Wayland Group (WAYL.CN) (75M.F) (MRRCF) (“Wayland” or the “Company”) announced today that it has entered into an agreement with a syndicate of underwriters led by Canaccord Genuity Corp. (the “Lead Underwriter” and, collectively with the syndicate, the “Underwriters”), pursuant to which the Underwriters will purchase, on a bought deal basis pursuant to the filing of a short form prospectus, an aggregate of 30,350,000 units (the “Units”) of the Company at a price of $1.65 per Unit (the “Offering Price”) for aggregate gross proceeds of $50,077,500 (the “Offering”).

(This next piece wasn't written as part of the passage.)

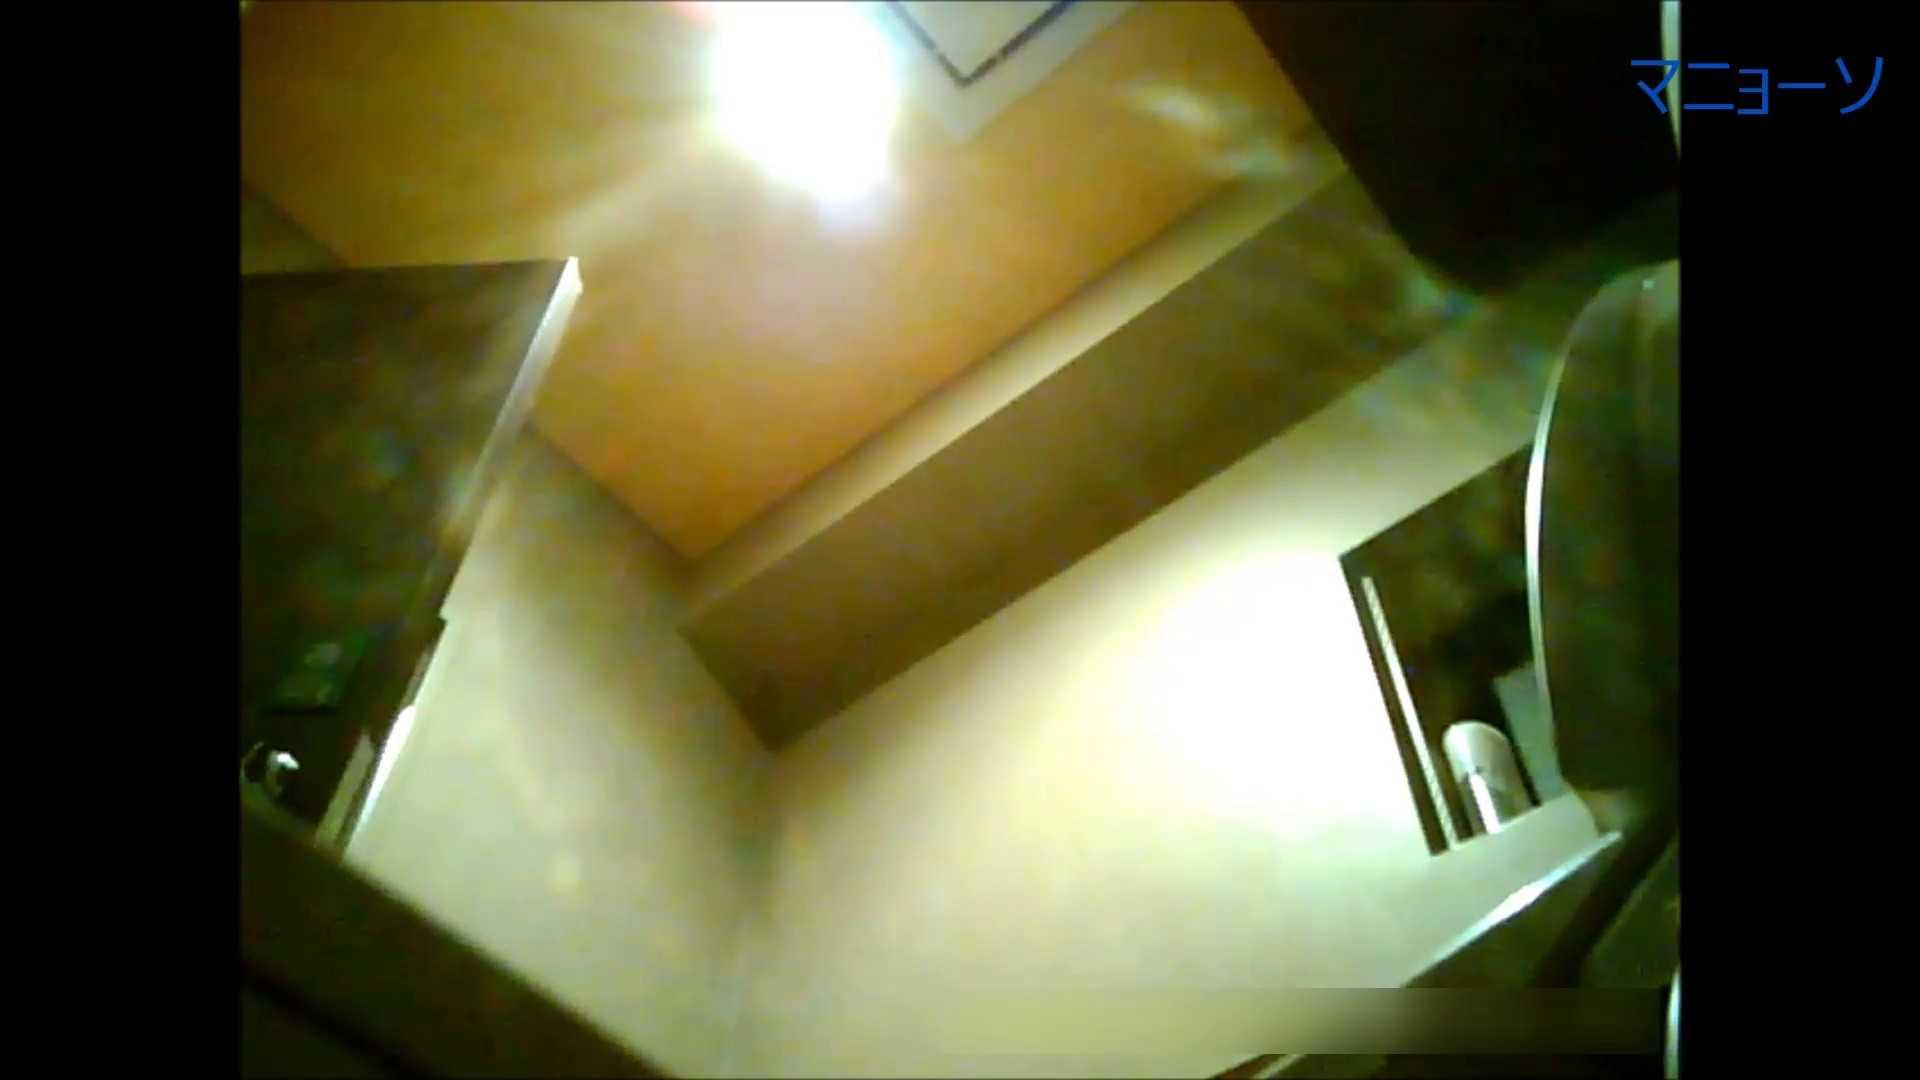 トイレでひと肌脱いでもらいました (JD編)Vol.01 OL  93pic 83

Each Unit will consist of one common share (a “Common Share”) and one-half of one common share purchase warrant (each full common share purchase warrant, a “Warrant”) of the Company. Each Warrant will be exercisable to acquire one common share of the Company for a period of three years following the Closing Date (as hereinafter defined) at an exercise price of $2.15 per common share, subject to adjustment in certain events. In the event that the volume weighted average trading price of the Common Shares for 10 consecutive trading days exceeds $3.25 , the Company shall have the right to accelerate the expiry date of the Warrants upon not less than 30 days’ notice.
The Company has agreed to grant the Underwriters an over-allotment option to purchase up to an additional 4,552,500 Units at the Offering Price, exercisable in whole or in part, at any time and from time to time on or prior to the date that is 30 days following the Closing Date. The over-allotment option may be exercised to acquire Units, common shares and/or warrants of the Company. If the over-allotment option is exercised in full, an additional $7,511,625 in gross proceeds will be raised pursuant to the Offering and the aggregate gross proceeds of the Offering will be $57,589,125 .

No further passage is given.